The number of people in rural America who die from Covid-19 each day has more than doubled in the last two weeks, as the infection continues to spread in nonmetropolitan areas.
Rural America saw its 10,000th death from Covid-19 on Friday, July 30. The number of deaths in rural America from the coronavirus now stands at 10,313.
Also last week, 12 more rural counties were added to the “red-zone” list, bringing the total number of rural counties on the list to 746, which is more than a third of all rural counties. Red-zones, a designation created by the White House, are those with new-infection rates of at least 100 per 100,000 residents over a seven-day period. (The Daily Yonder analyzed new cases from July 16 to August 1.)
In a bit of good news, the increase of red-zone counties this week was far below the previous week’s increase of 104 counties.
The map shows both urban and rural red-zone counties (rural counties are dark red, metropolitan counties are light red). Counties in green and light green fall below the red-zone case rate of 100 new cases per 100,000 population in one week. The map also shows the handful of counties that had no new cases in the last week.

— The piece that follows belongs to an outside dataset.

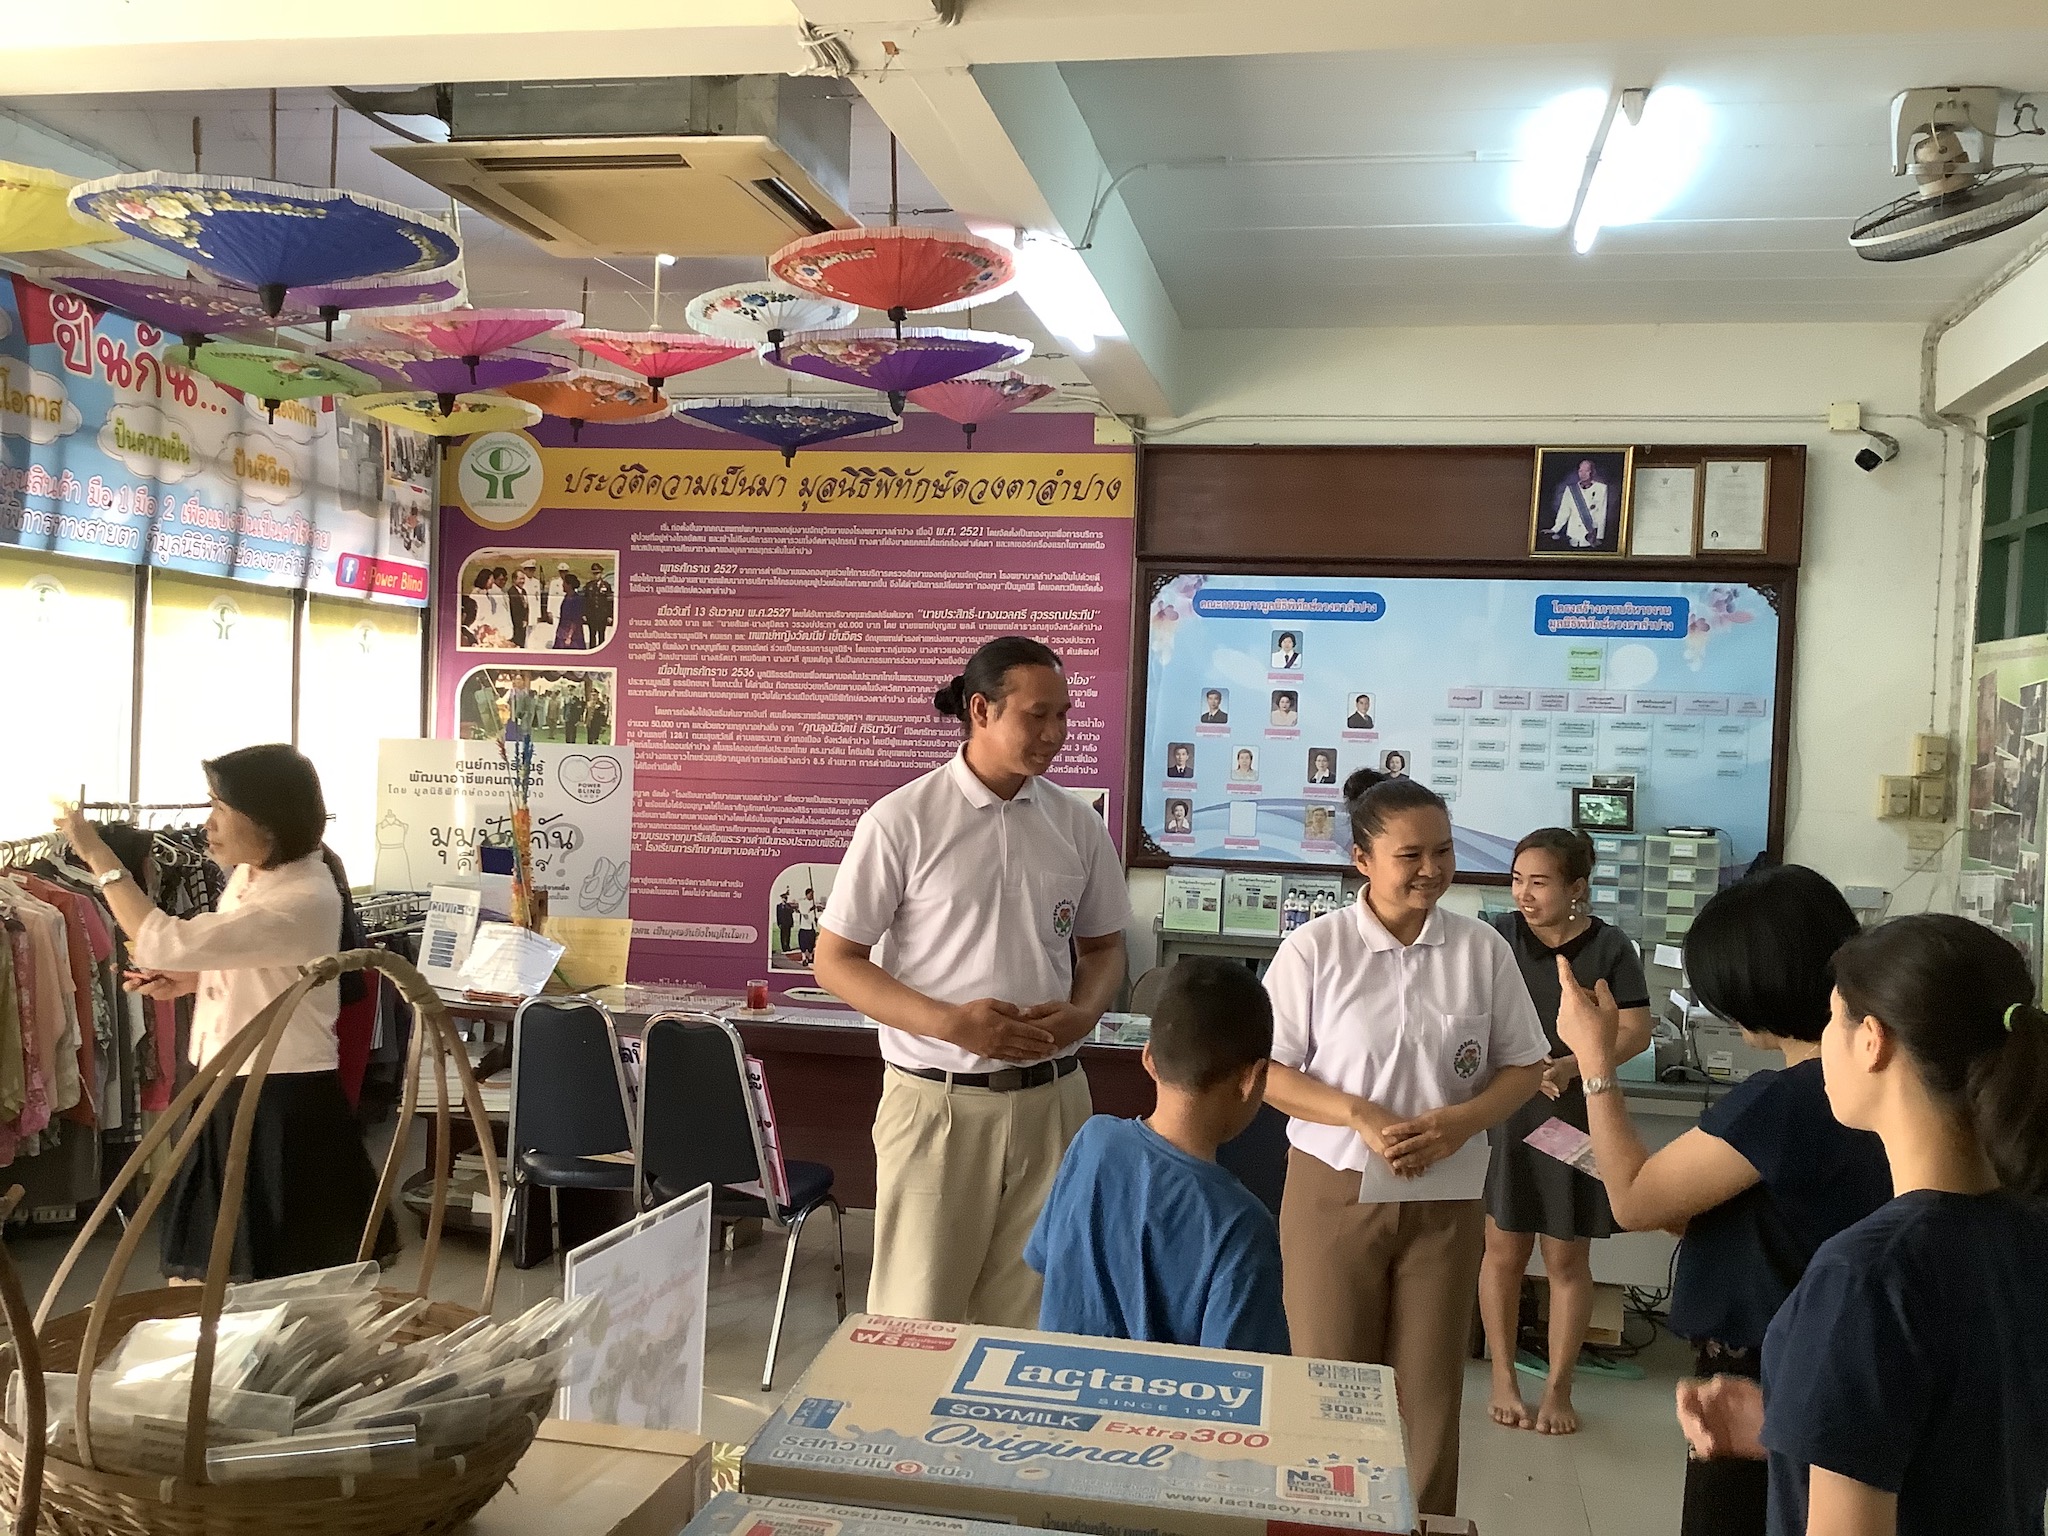 โครงการมอบทุนช่วยเหลือผู้พิการ วันที่ 19 มีนาคม 2563 ณ โรงเรียนการศึกษาคนตาบอดลำปาง  ต.พระบาท  อ.เมืองลำปาง  จ.ลำปาง

The surge of cases in rural America has caught the attention of the head of the White House Coronavirus Task Force.
Deborah Birx, M.D., told CNN that the pandemic has entered a new phase, with rural areas that didn’t have many infections this spring now experiencing spikes.
“What we are seeing today is different from March and April,” she said. “It is extraordinarily widespread. It’s into the rural as equal urban areas.”
She added: “To everybody who lives in a rural area, you are not immune or protected from this virus. If you’re in multi-generational households, and there’s an outbreak in your rural area or in your city, you need to really consider wearing a mask at home, assuming that you’re positive, if you have individuals in your households with comorbidities.”
President Donald Trump later said on Twitter that Birx’s comments were “pathetic” and a “hit” on his administration.
From July 16 to August 1, the average number of rural residents who are dying each day from Covid-19 climbed from 77 to 171. The number of rural deaths in July was 70% higher than the number of deaths in June.
Rural deaths now constitute 6.7% of all deaths in the U.S. cumulatively, up by more than 2 points from July 1.
The map tells the story. The South (both urban and rural) is the epicenter of this phase of the pandemic. All but a handful of counties, from North Carolina and Tennessee across to Louisiana, are in the red zone. Most of Texas, Oklahoma, and Arkansas are also red-zone counties.
Virginia, West Virginia, and Kentucky fare better, with relatively few red-zone counties.
Thirteen states have more than half of their rural counties in red zones. All of these states except one (Arizona) are in the Census-defined Southern region. They are Mississippi, Alabama, Louisiana, Florida, South Carolina, Tennessee, Georgia, North Carolina, Maryland, Oklahoma, Arkansas, and Texas.
One hundred sixty-nine rural counties have seen spikes in their infection rates over the past week. These include 25 rural counties in Georgia, 23 in Texas, 19 in Tennessee, 13 in Missouri, and 12 in Oklahoma.
For the second week in a row, nonmetropolitan counties saw an increase in the number of new Covid-19 cases while metropolitan counties saw a decrease. New rural infections climbed by 3% to 57,739 from July 26 to August 1. The number of new metropolitan cases for the week declined by 20,000 cases (or about 5%) to 379,403.